I can understand that for people who have seen or used  safety reins or, with respect, for people who have not spent much time trying to walk on a crowded city street with an impetuous 3 or 4 year-old child, the idea of using a "rein" on children is strange, but "safety" is the key word.  
I think people living in busy cities may have a different view from those who live in the suburbs and the country. My mother said she used a safety rein when I was very young so that she could let me develop a sense of independence, to be able to walk and explore safely in a very busy city.

A few people have put forward the idea that reins are not necessary if the children are "well-behaved", but most children are capable of walking and running at least a year or 2 before they are old enough to make consistently good choices about whether or not they should run across the street to get their ball or to play with a cute puppy. My 3 and 4 year-old cousins are very well behaved but a four year-old has limited impulse control.

 There are plenty of other dangers on a busy city sidewalk - let's not forget delivery men wheeling crates on handtrucks on the sidewalk, and people who ride their bicycles on the sidewalk, and seeing-impaired people that your child might run onto and harm, and badly trained dogs, and construction sites, and open manhole covers, etc.  

Has anyone here had the seemingly endless argument with a small child about holding hands while you are out on a walk?  Of course you can "win" an argument with a child, but isn't it a nice idea to avoid having the idea of holding hands turn into a battle- holding hands is supposed to be fun and based in affection.

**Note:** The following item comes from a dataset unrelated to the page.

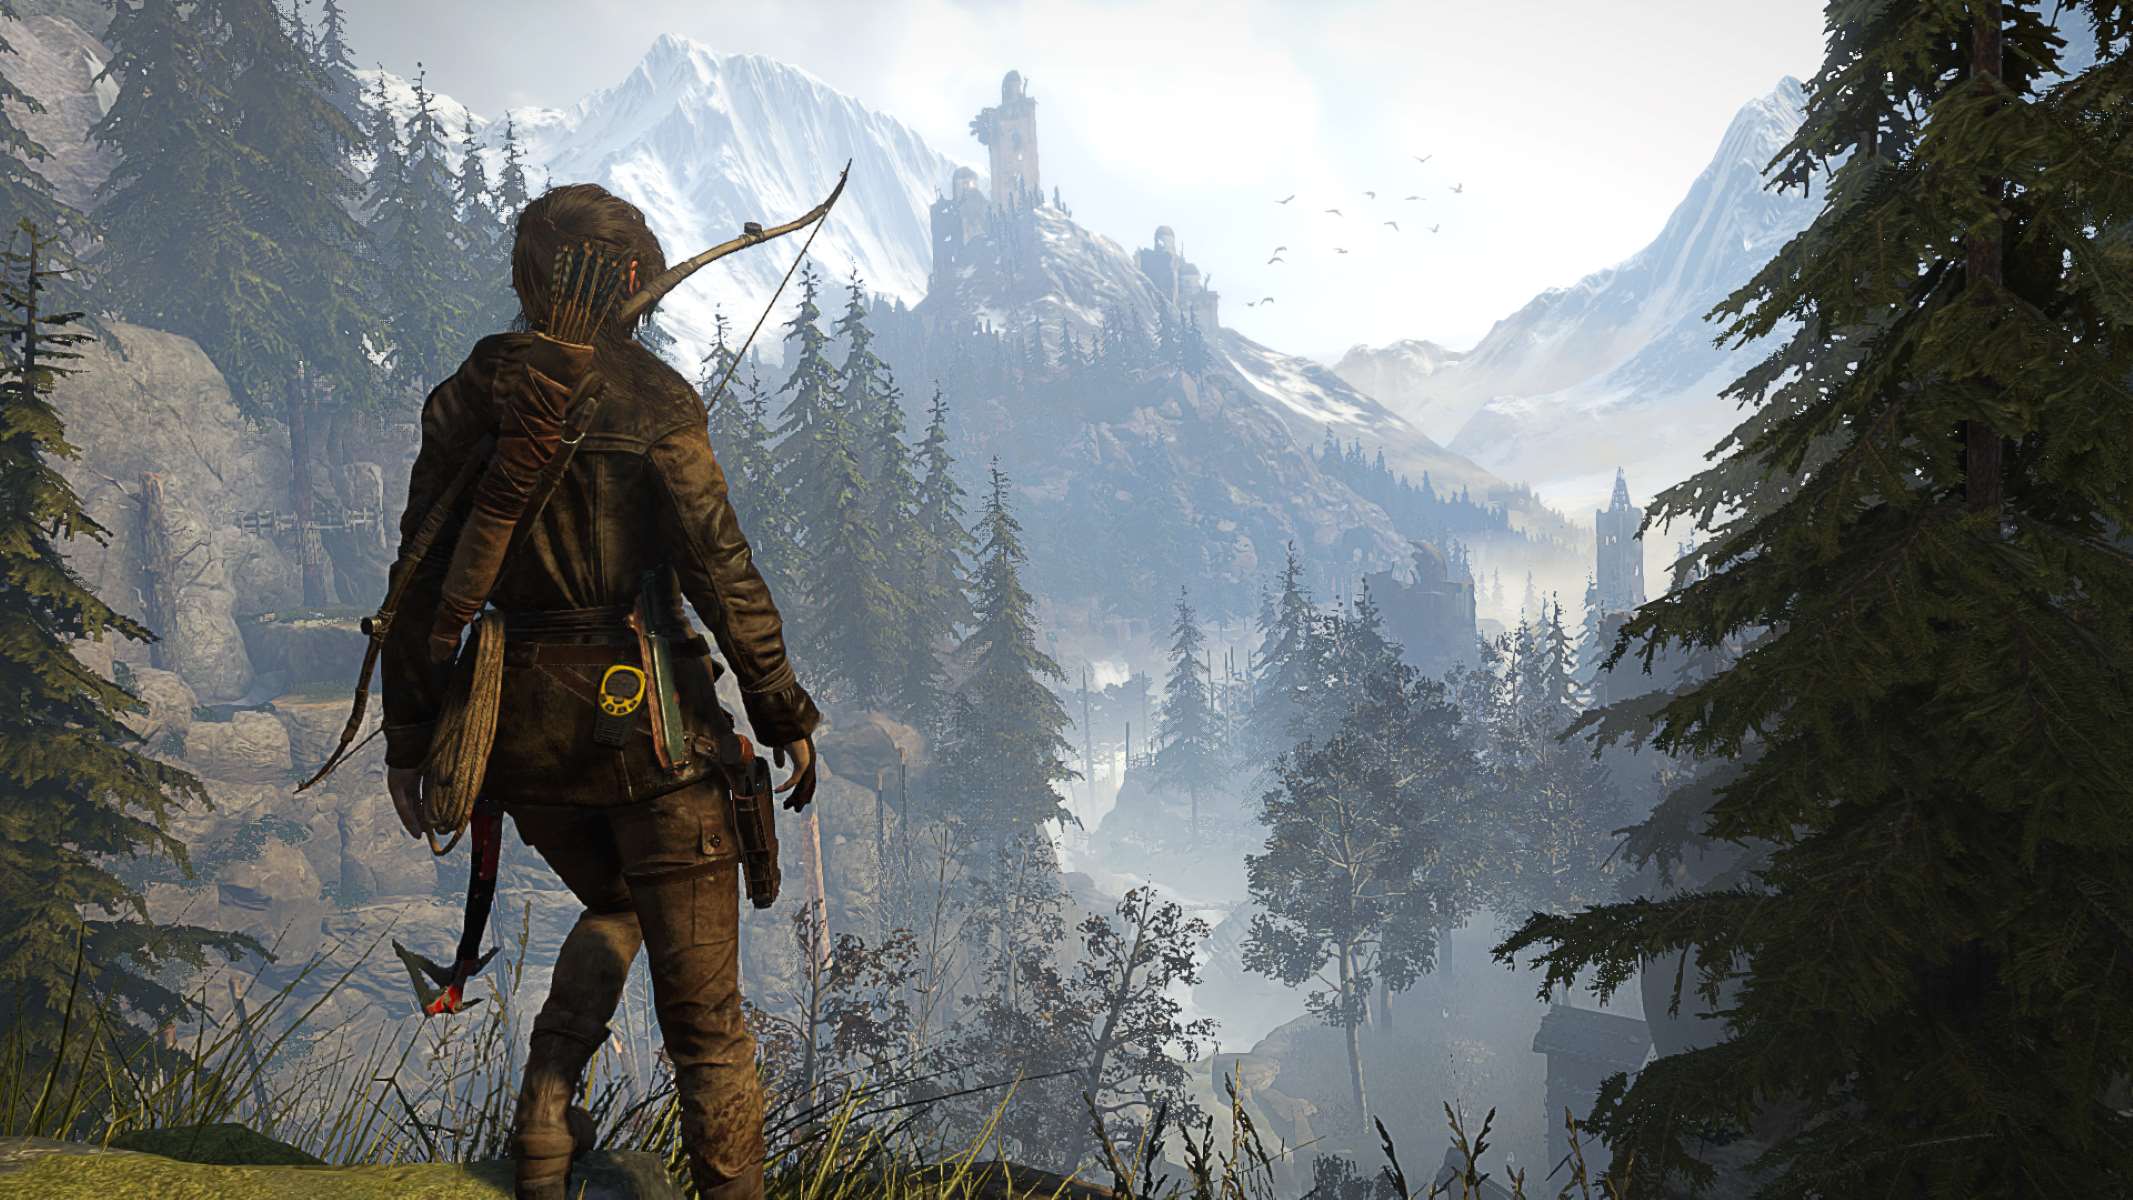 What PC Game Controller To Use With Rise Of The Tomb Raider

And one forer@ already mentioned the height difference between an adult and a small child - it is no better for an adult to be constantly leaning over to hold onto a childs hand than it is for a child to have their arm held up in the air as a handle for long periods of time. My cousin is 6' 3" tall and his 4 year old and 3 year old children are far less than 3' tall - what should he do - make them ride in a stroller when they want to be walking instead, or strain their arms and develop a hunchback for himself?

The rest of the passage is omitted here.